--- Exercise data ---

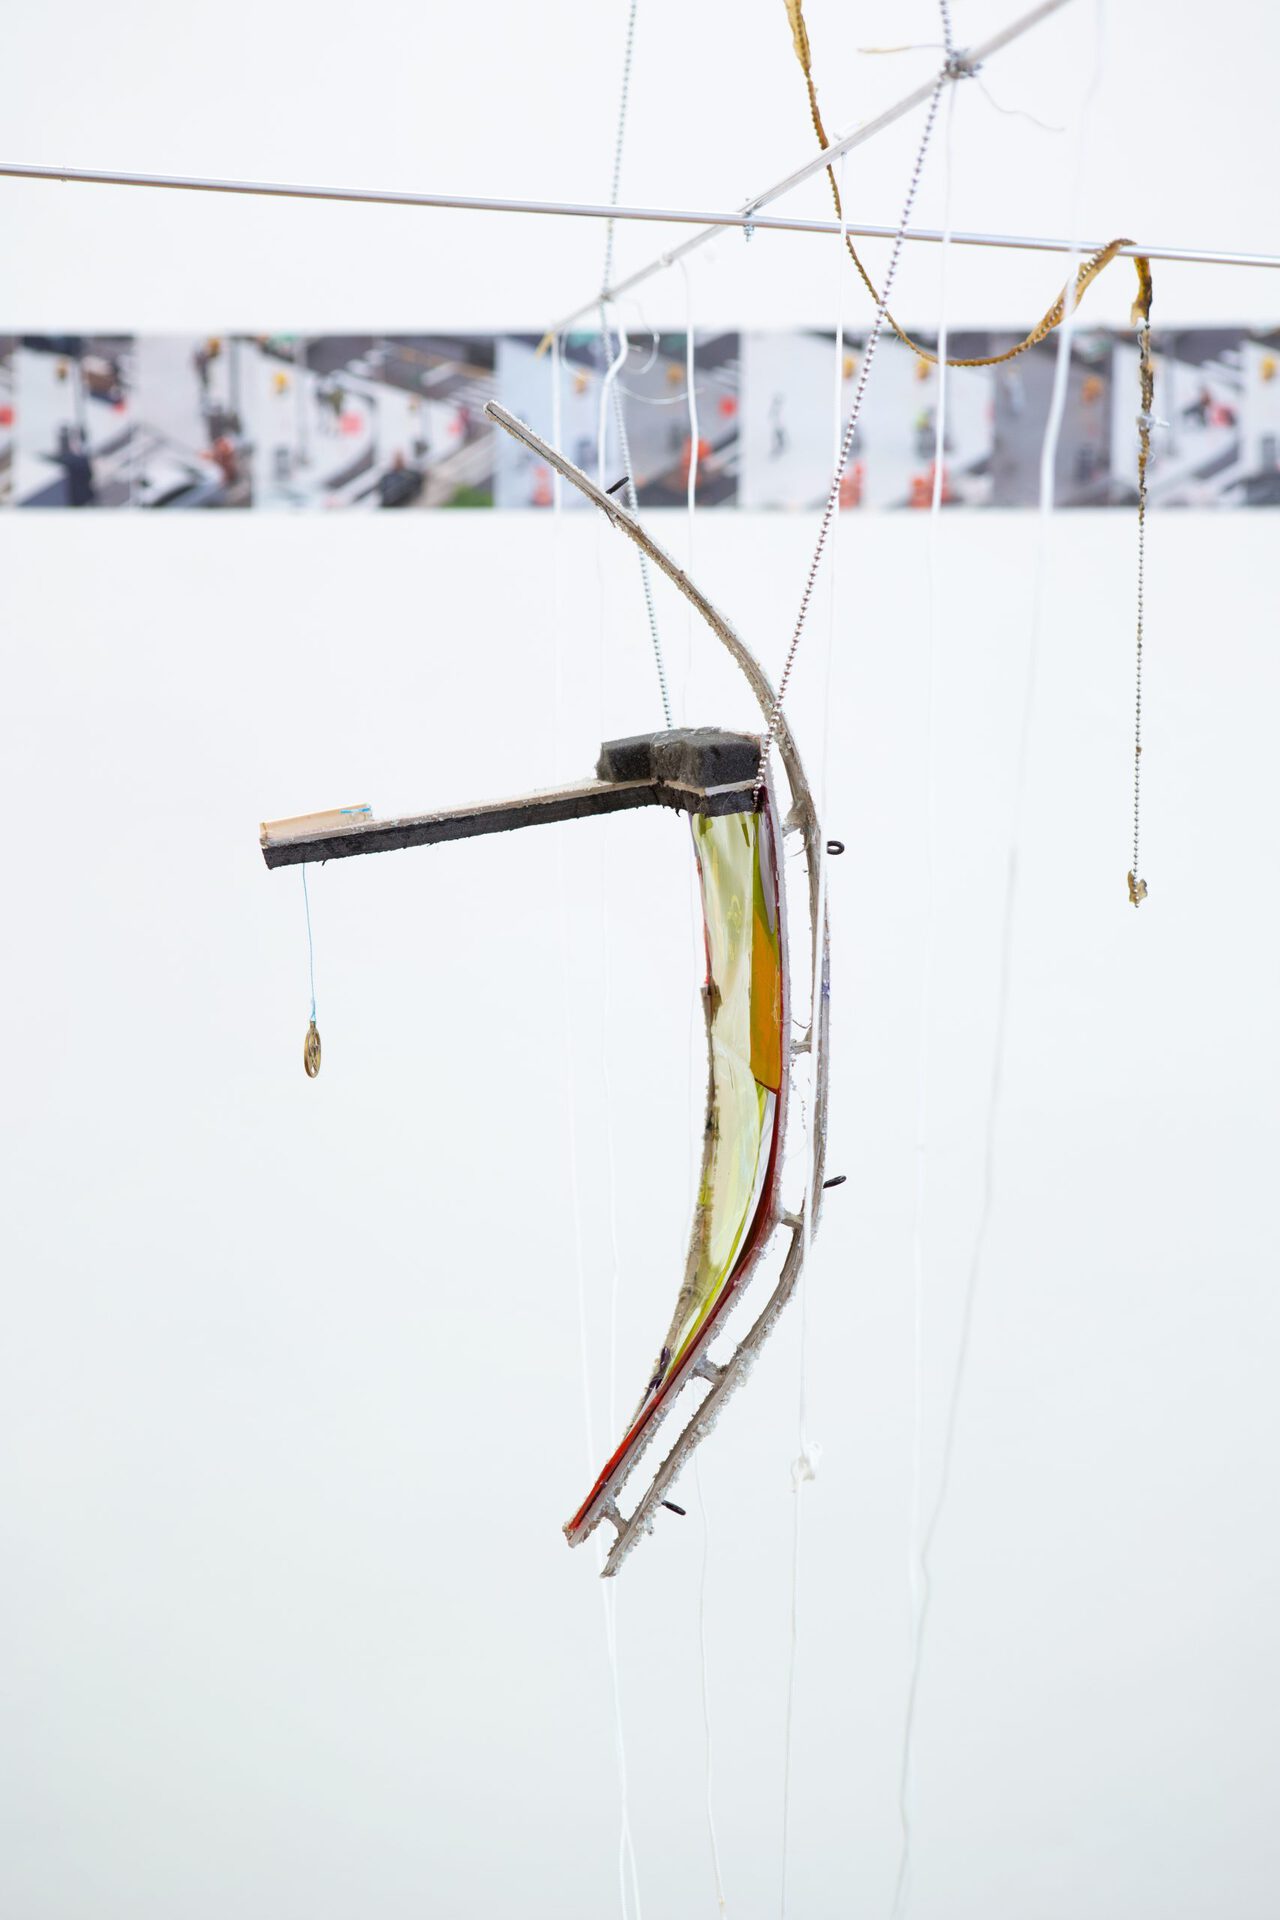 Anders Dickson, pocket of solace and suspension of belief, 2020, Bronze, chain, latex, wire, rope, cardboard, gravel, glue, foam, photo, mylar, dimensions variable
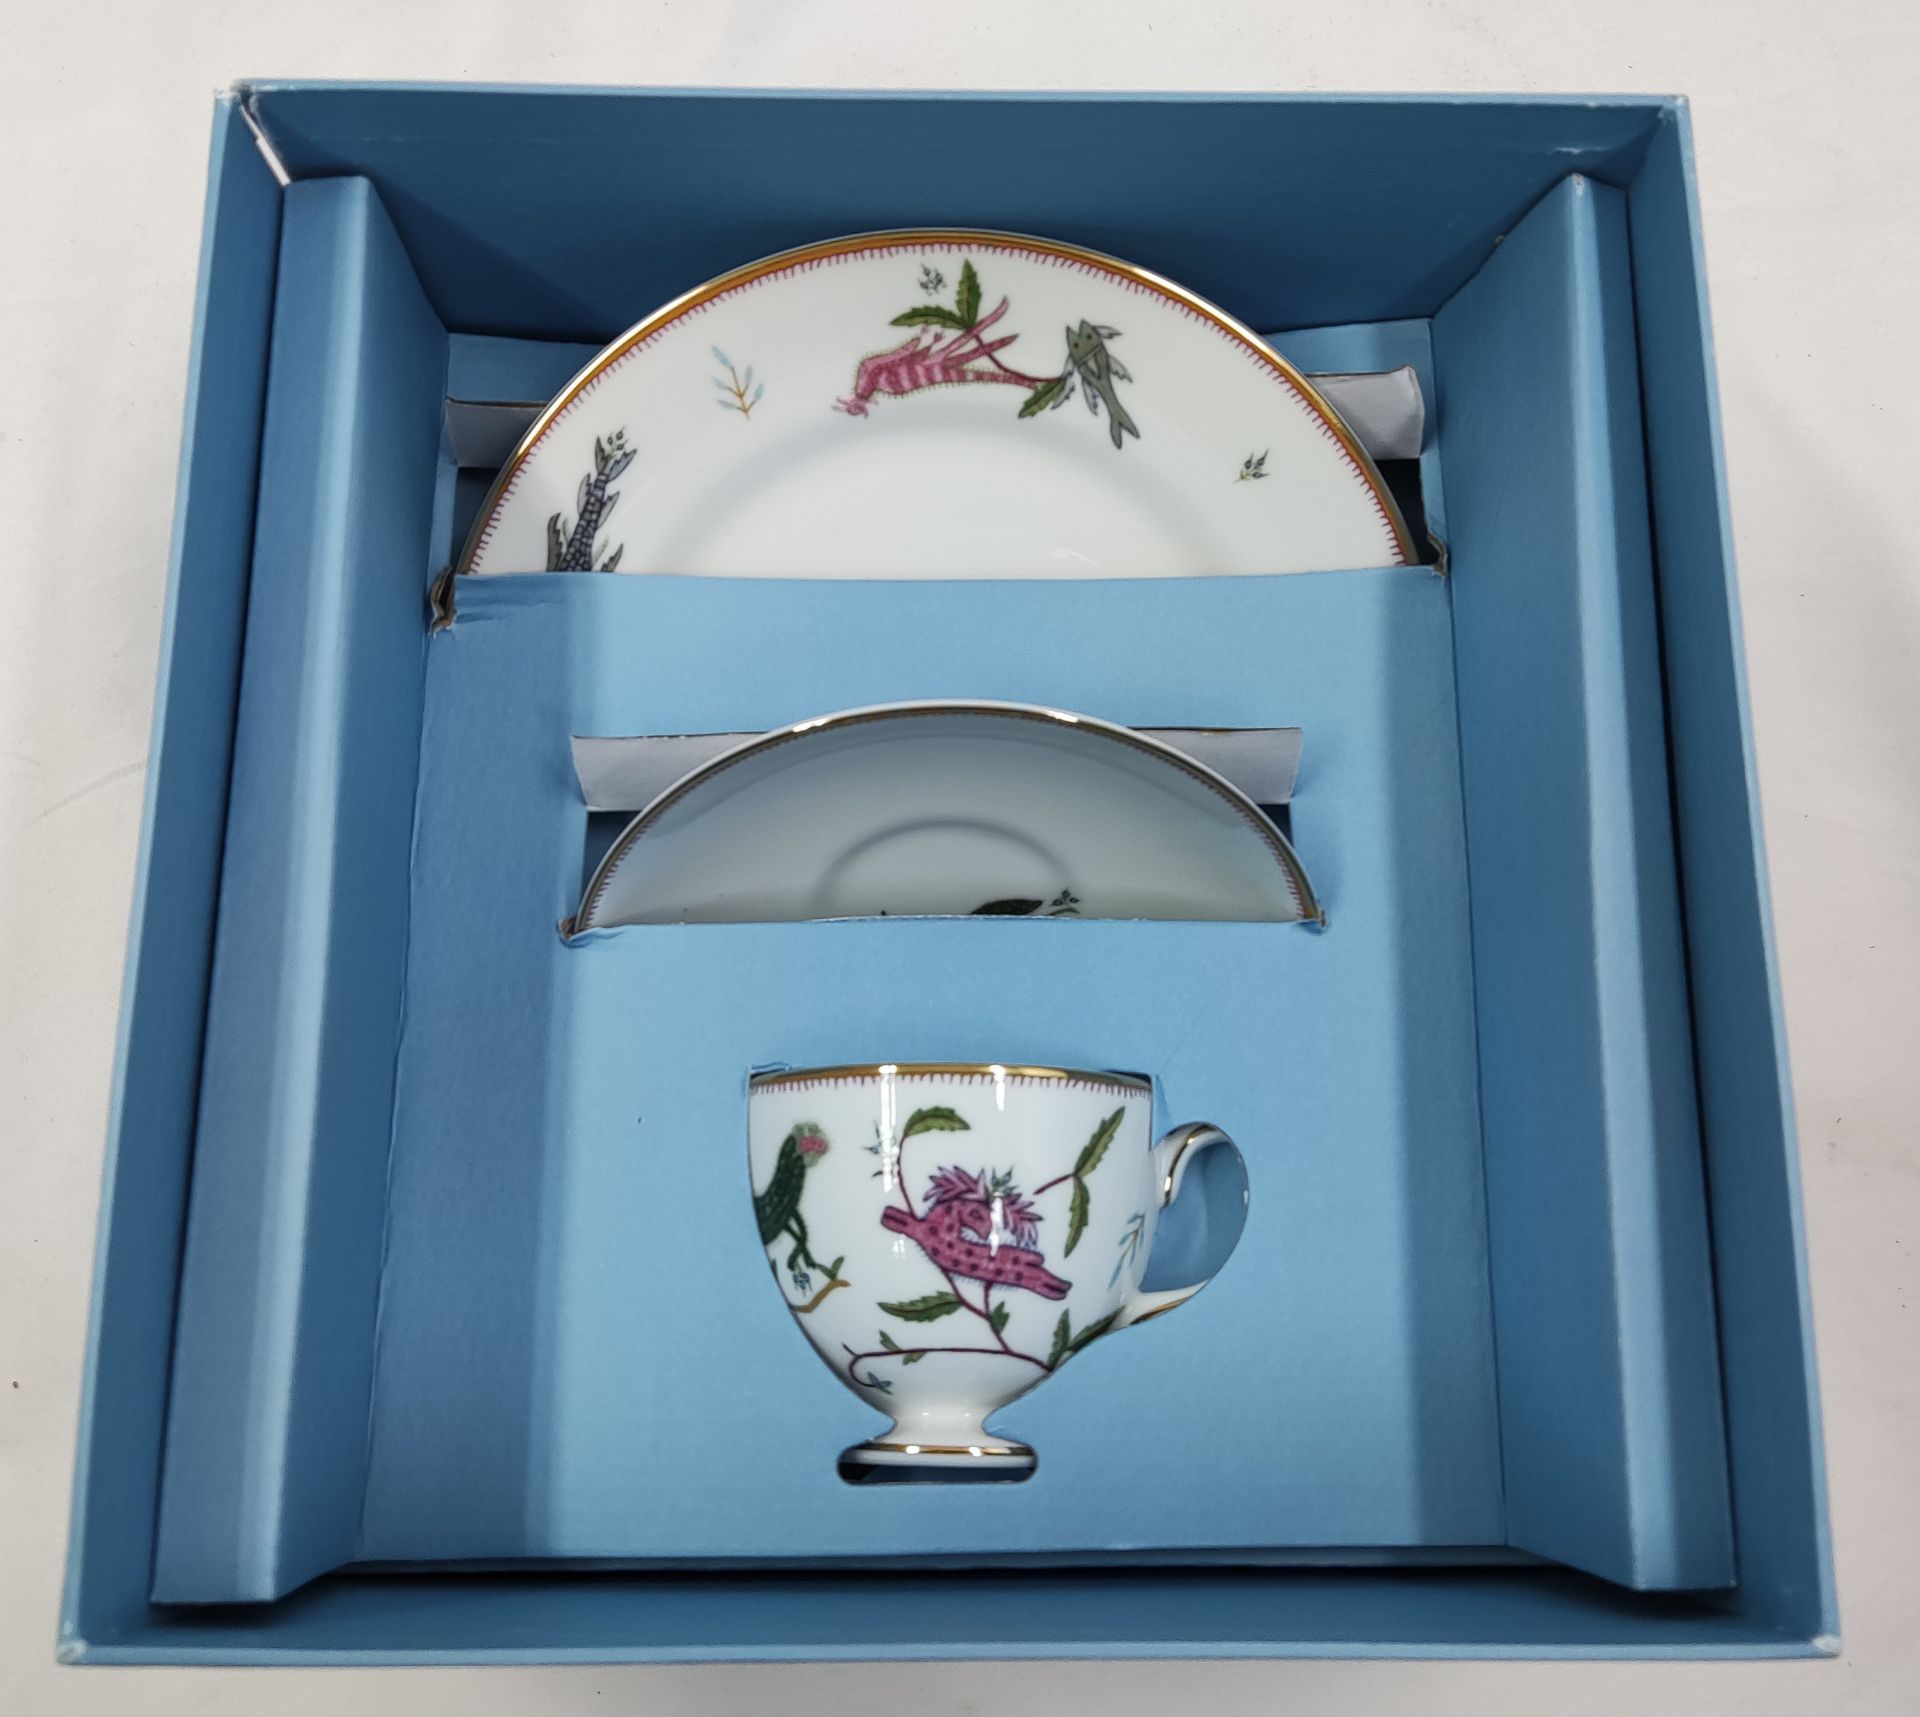 1 x WEDGWOOD Mythical Creatures Fine Bone China Teacup/Saucer/Plate Set - New/Boxed - RRP £140.00 - Bild 15 aus 20
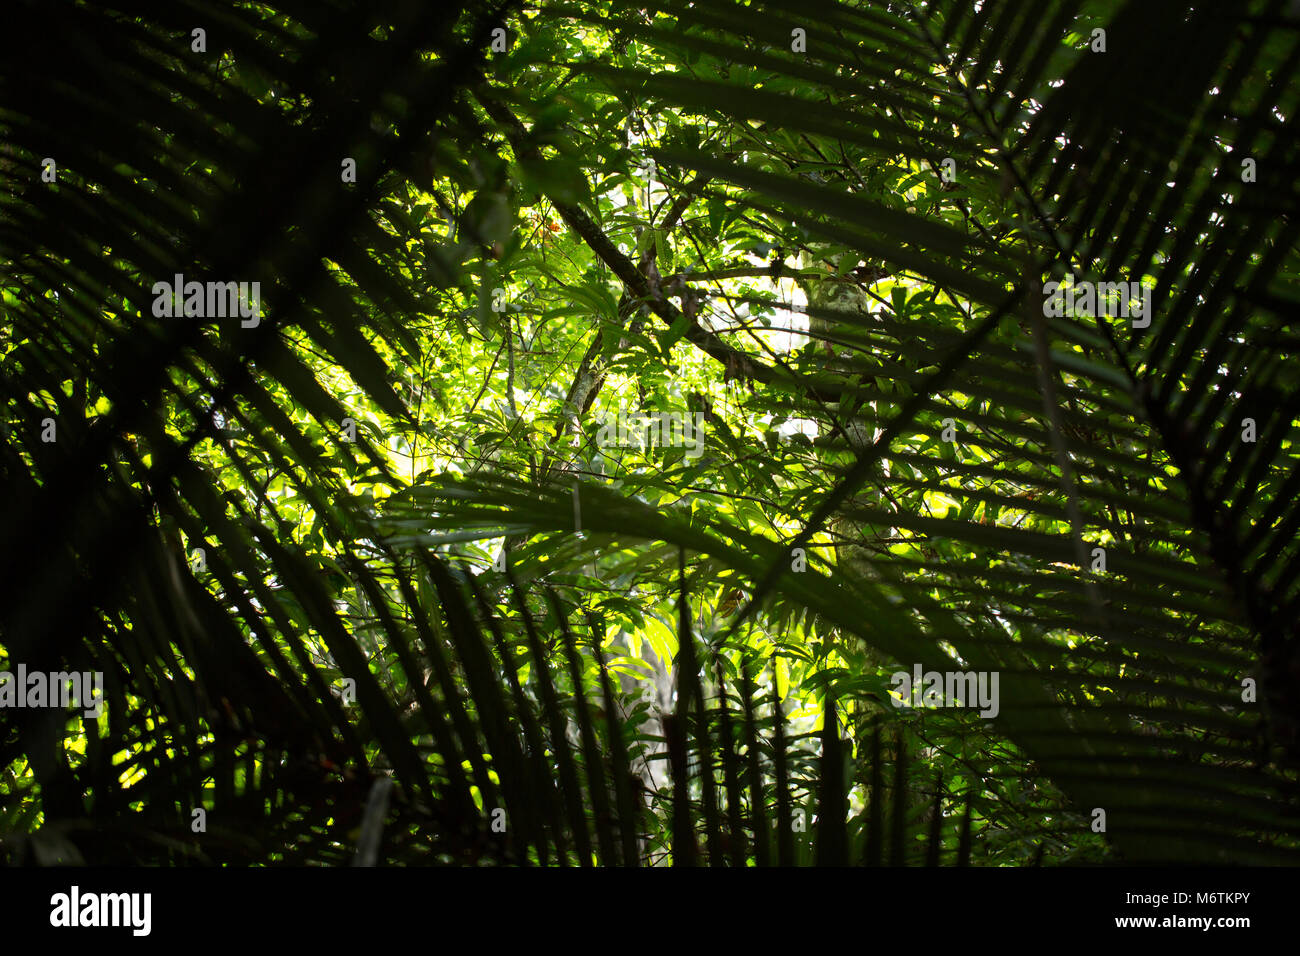 Ferns growing in the understory of the rainforest, Suriname, South America Stock Photo

---

:: Work order ::
For your answer, write out the data exactly and drop every picture.

:: Your response ::
 Anders Dickson, pocket of solace and suspension of belief, 2020, Bronze, chain, latex, wire, rope, cardboard, gravel, glue, foam, photo, mylar, dimensions variable
 1 x WEDGWOOD Mythical Creatures Fine Bone China Teacup/Saucer/Plate Set - New/Boxed - RRP £140.00 - Bild 15 aus 20
 Ferns growing in the understory of the rainforest, Suriname, South America Stock Photo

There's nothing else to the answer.